La présentation du budget 2025/26 ce jeudi, par le Premier ministre et ministre des Finances Navin Ramgoolam, représentera une étape cruciale et un test majeur pour le gouvernement de l’Alliance du Changement au pouvoir depuis novembre de l’année dernière. Il faut reconnaître que le nouveau gouvernement a hérité d’un budget présenté cinq mois auparavant par l’ancien ministre des Finances. Comme le souligne le ministre des Relations industrielles et de l’Emploi, Reza Uteem : « Il ne faut pas oublier le poids de l’héritage économique que nous portons, un fardeau accentué par des politiques marquées par le manque de transparence et les mensonges de l’ancien gouvernement et de l’ancien ministre des Finances. » Il observe que pour pallier ces imprécisions budgétaires, le gouvernement a dû adopter des budgets additionnels, car les revenus avaient été surévalués tandis que les dépenses étaient sous-estimées, ce qui a aggravé le déficit budgétaire. « Ce déficit, financé par des emprunts, explique pourquoi la dette publique a atteint près de 90 % du PIB », s’appesantit-il.
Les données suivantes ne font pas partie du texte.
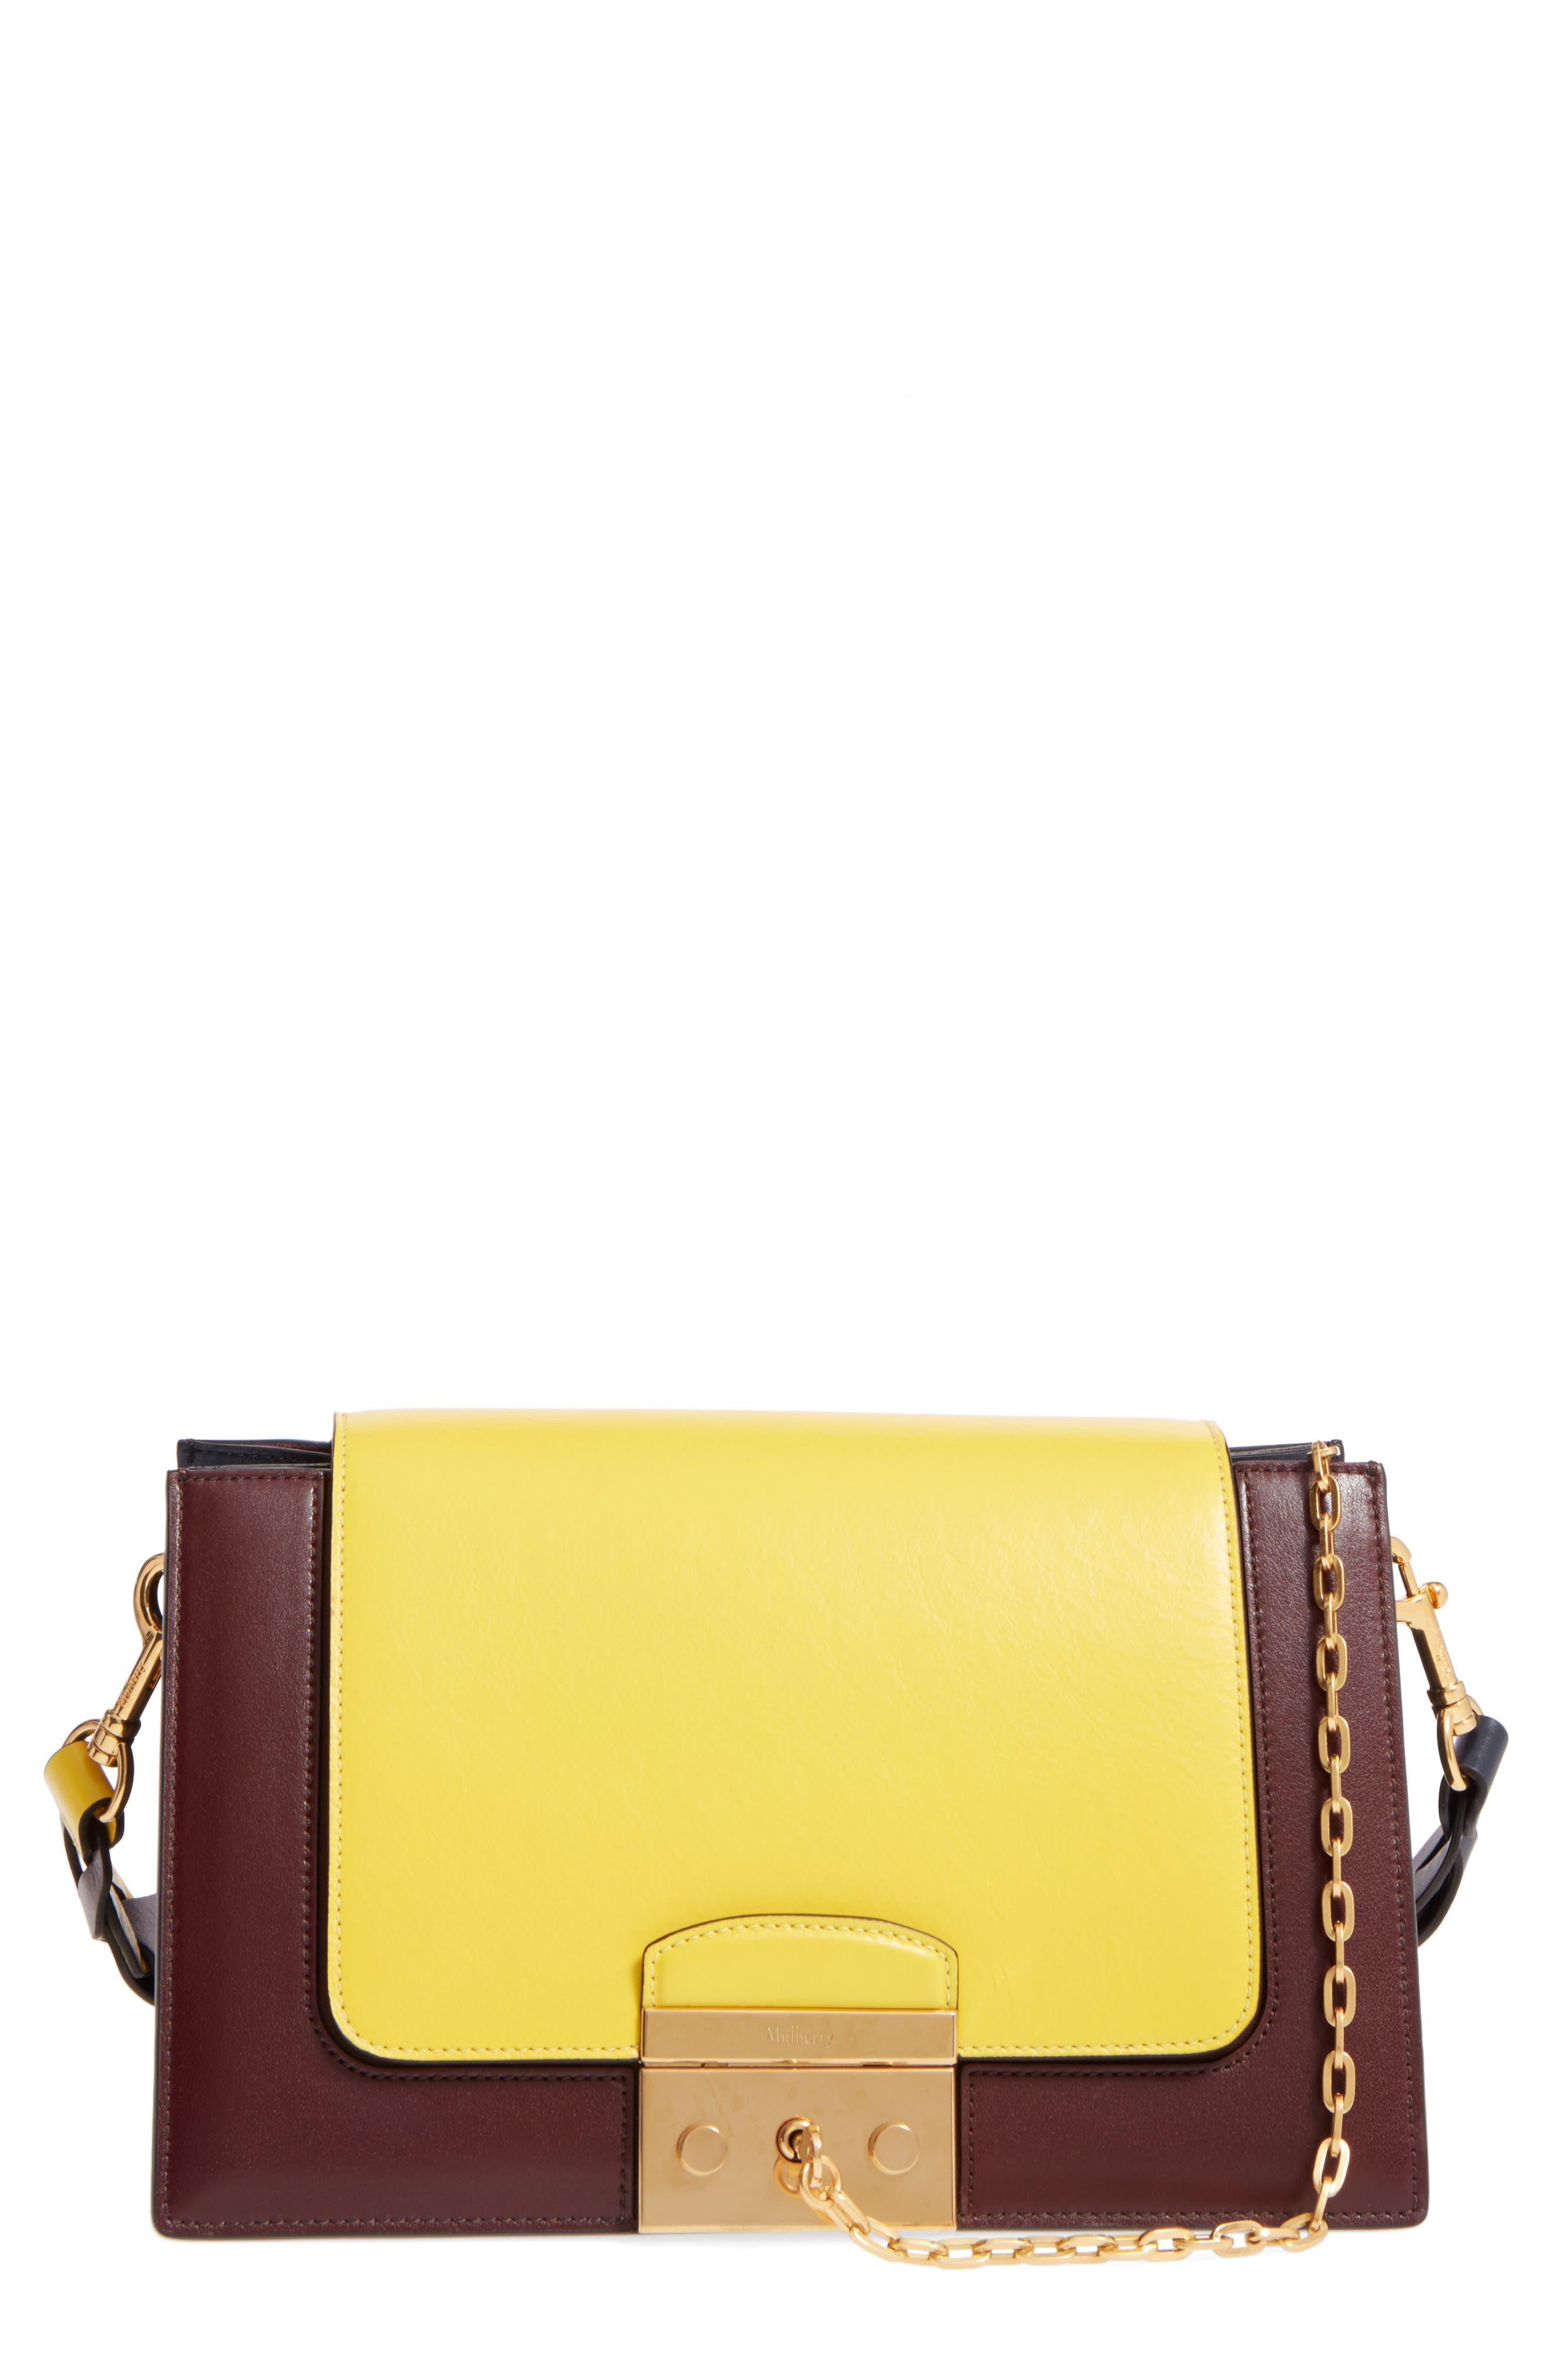 Alternate Image 1 Selected - Mulberry Pembroke Color Block Leather Shoulder Bag

Ainsi, après avoir pris le train budgétaire qui avait déjà démarré, il était difficile d’aller au-delà des dotations budgétaires et de la politique fiscale déjà définies par l’ancien gouvernement. C’est pourquoi, que ce soit à Maurice ou à l’étranger, tout le monde a les yeux fixés sur le budget, principal instrument par lequel un gouvernement traduit ses promesses de campagne et sa vision de l’avenir, qui, comme on le sait, était résumée par le terme « rupture ».
Dans une analyse publiée cette semaine par Axys, Sanjay Goolam, Managing Director (Securities and Execution Desk), souligne qu’après des années de sous-performance économique, d’érosion fiscale, d’une balance des paiements en détérioration, d’inégalités croissantes et d’aggravation de la position extérieure, il s’agit d’une opportunité historique de rétablir la confiance, de réorienter les priorités nationales et de mettre en œuvre des réformes structurelles audacieuses.
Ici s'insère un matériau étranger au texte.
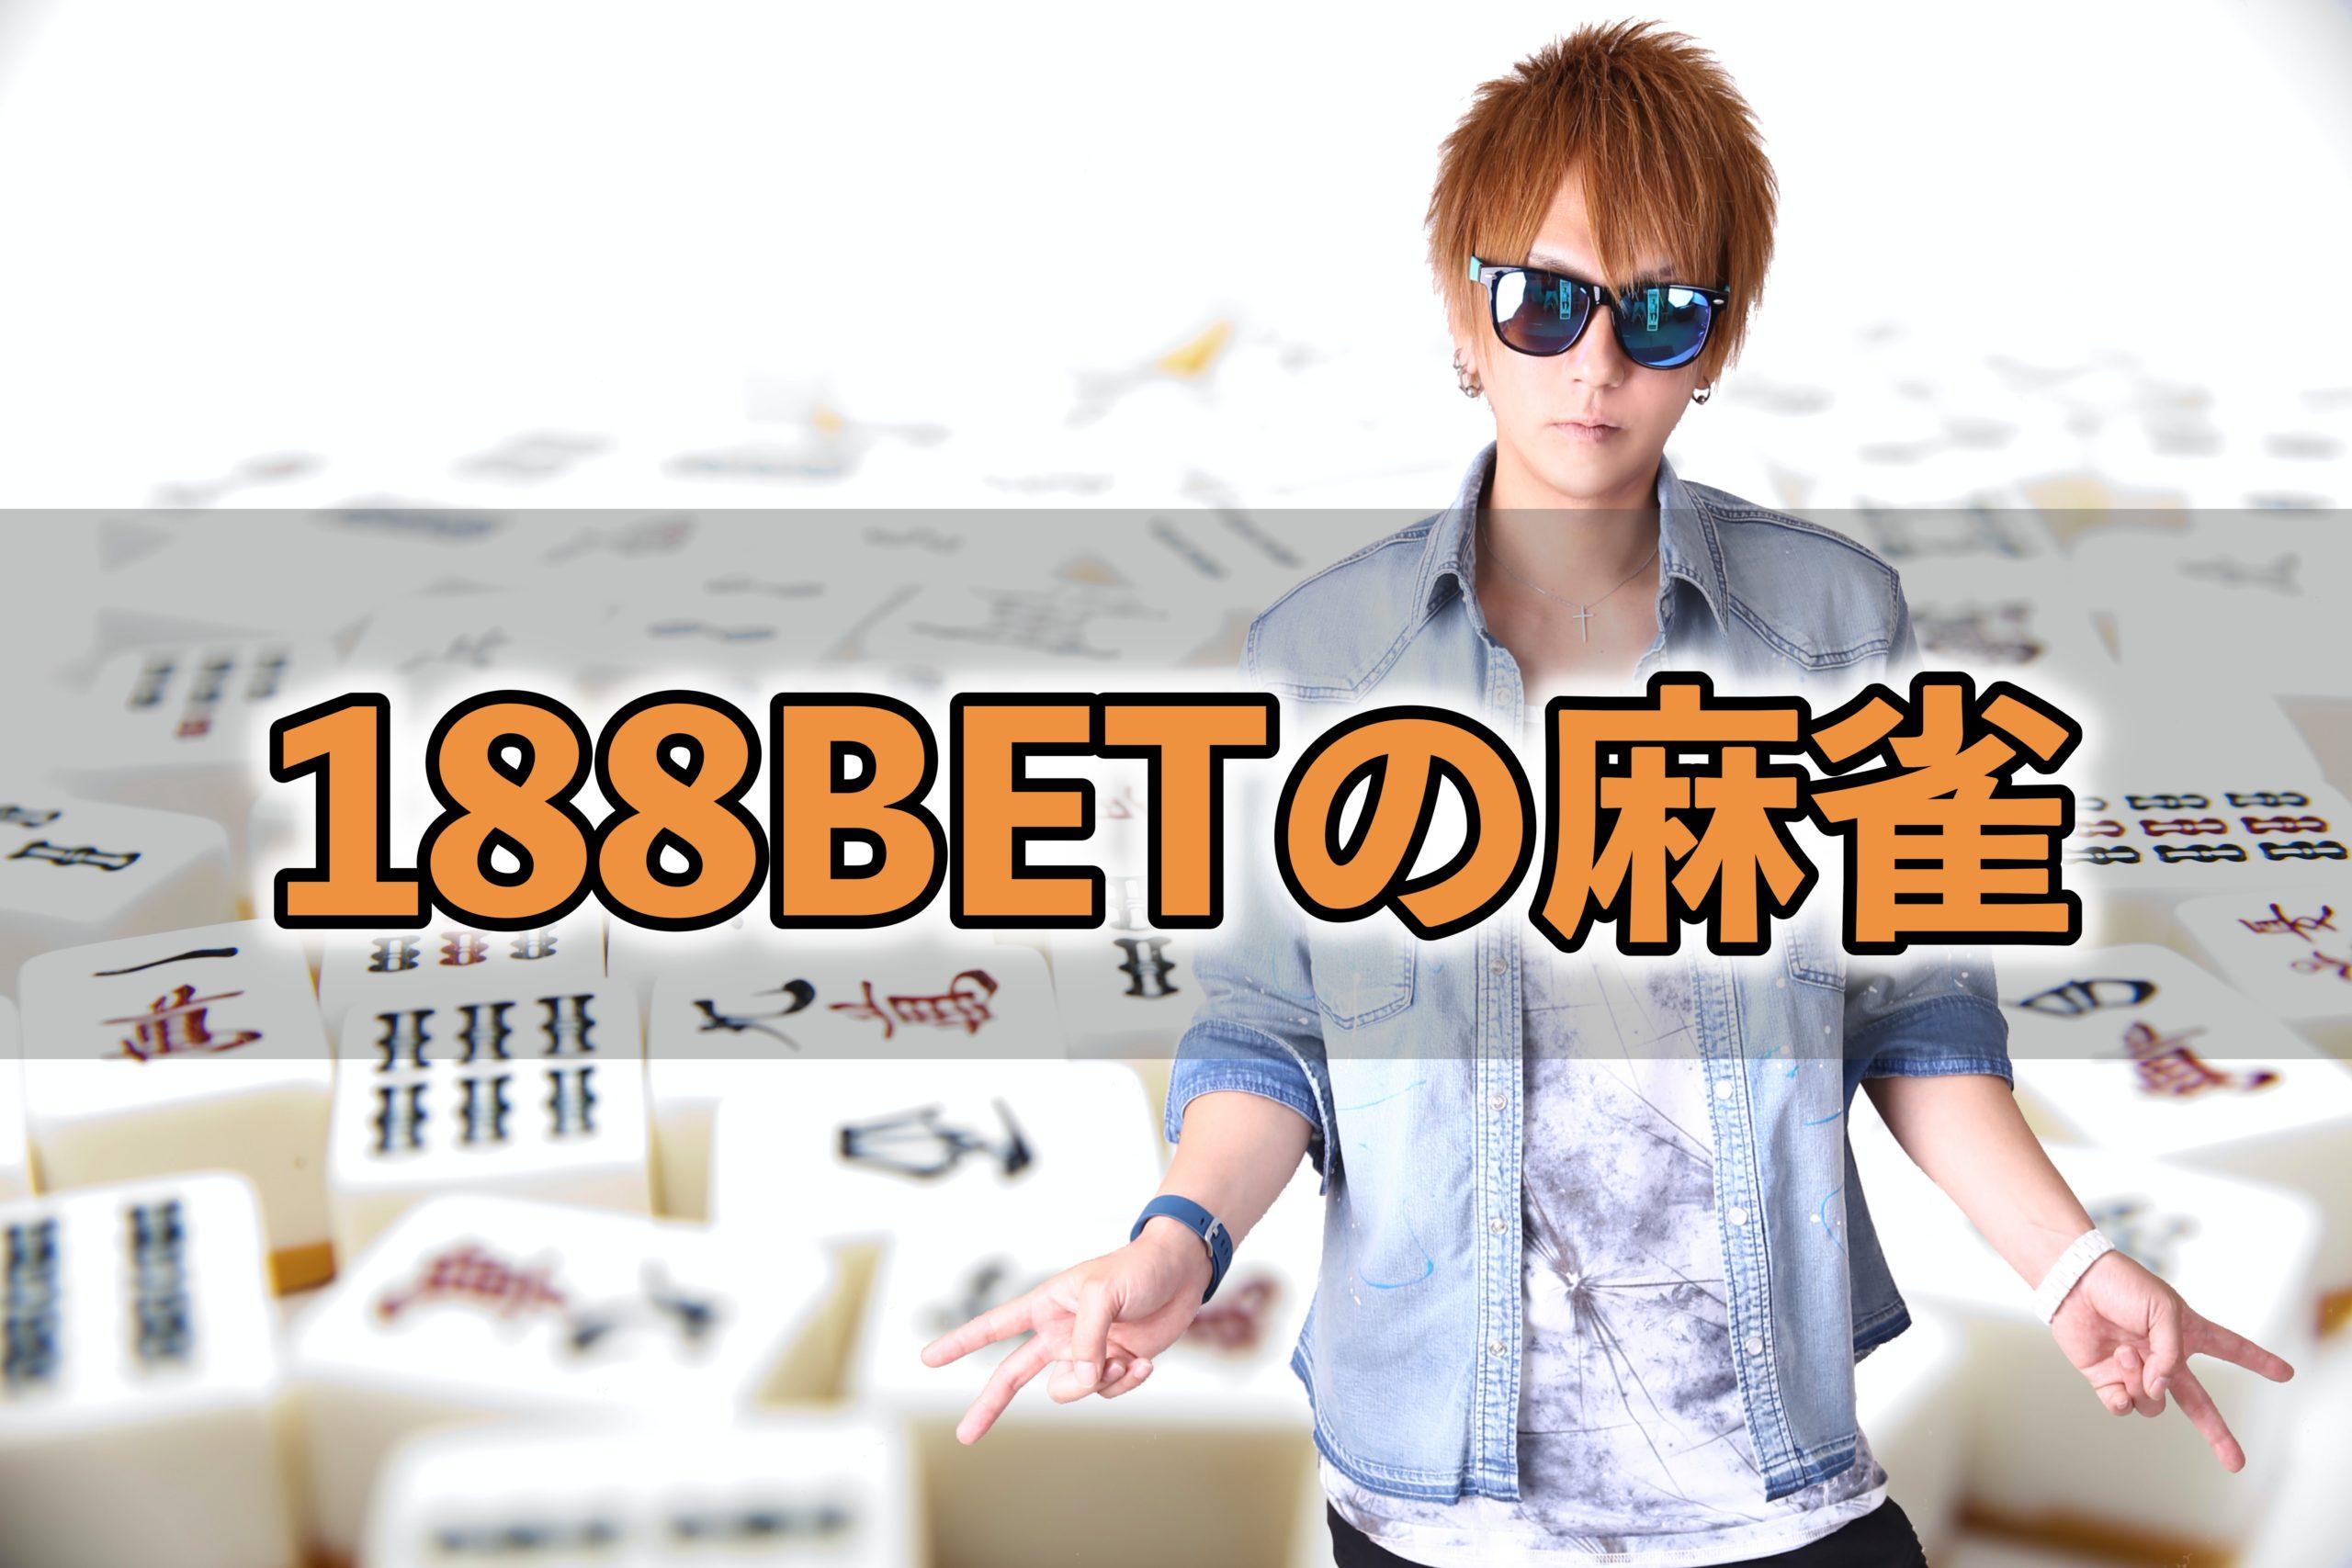 【カジノで麻雀!?】188BETの麻雀を徹底解説!

Au niveau du secteur privé, Kevin Ramkaloan, directeur de Business Mauritius, met en avant qu’il est très important d’assurer la compétitivité des activités des opérateurs, des industries, des secteurs majeurs ainsi que le climat des affaires. « Un cadre compétitif et attractif pour être en mesure de produire afin d’exporter est une nécessité incontournable », insiste-t-il. Le PM et ministre des Finances se trouve face à une situation difficile : il s’agira pour lui de maintenir une rigueur fiscale tout en dynamisant l’économie. Ce budget sera présenté également avec en toile de fond la notation de Moody’s, véritable épée de Damoclès au-dessus de la tête du gouvernement mauricien. En janvier dernier, dans le sillage de la publication de The State of the Economy, Moody’s avait changé la perspective de la situation économique de Maurice de « Stable » à « Negative ». « The outlook change to negative reflects uncertainty about Mauritius’ ability to address its challenging fiscal situation, considering the significant and socially and politically difficult fiscal adjustments involved. » L’agence de notation s’attend à ce que « le gouvernement poursuive une consolidation budgétaire globale à partir de l’exercice 2026, offrant la perspective d’inverser la détérioration budgétaire et de maintenir la solvabilité ». Par consolidation, elle veut dire « un plan global de consolidation budgétaire comprenant des mesures d’augmentation des recettes et des réductions des dépenses visant à réduire le déficit budgétaire et à placer la dette publique sur une trajectoire plus soutenable ». Faute de quoi, Maurice risque une dégradation de sa notation souveraine. Ce qui serait une catastrophe pour l’économie mauricienne, car l’accès au financement international deviendrait très difficile et les taux d’intérêt seraient extrêmement élevés. Cela entraînerait une hausse du coût de la vie et de l’inflation.
Il ne faut pas s’attendre à des miracles concernant les allocations sociales. « Nous n’avons pas d’argent », répètent Navin Ramgoolam et Paul Bérenger. Même l’obtention des Rs 10 milliards de la location de Diego Garcia ne changerait pas grand-chose. Le compte à rebours a commencé. Attendons jeudi après-midi.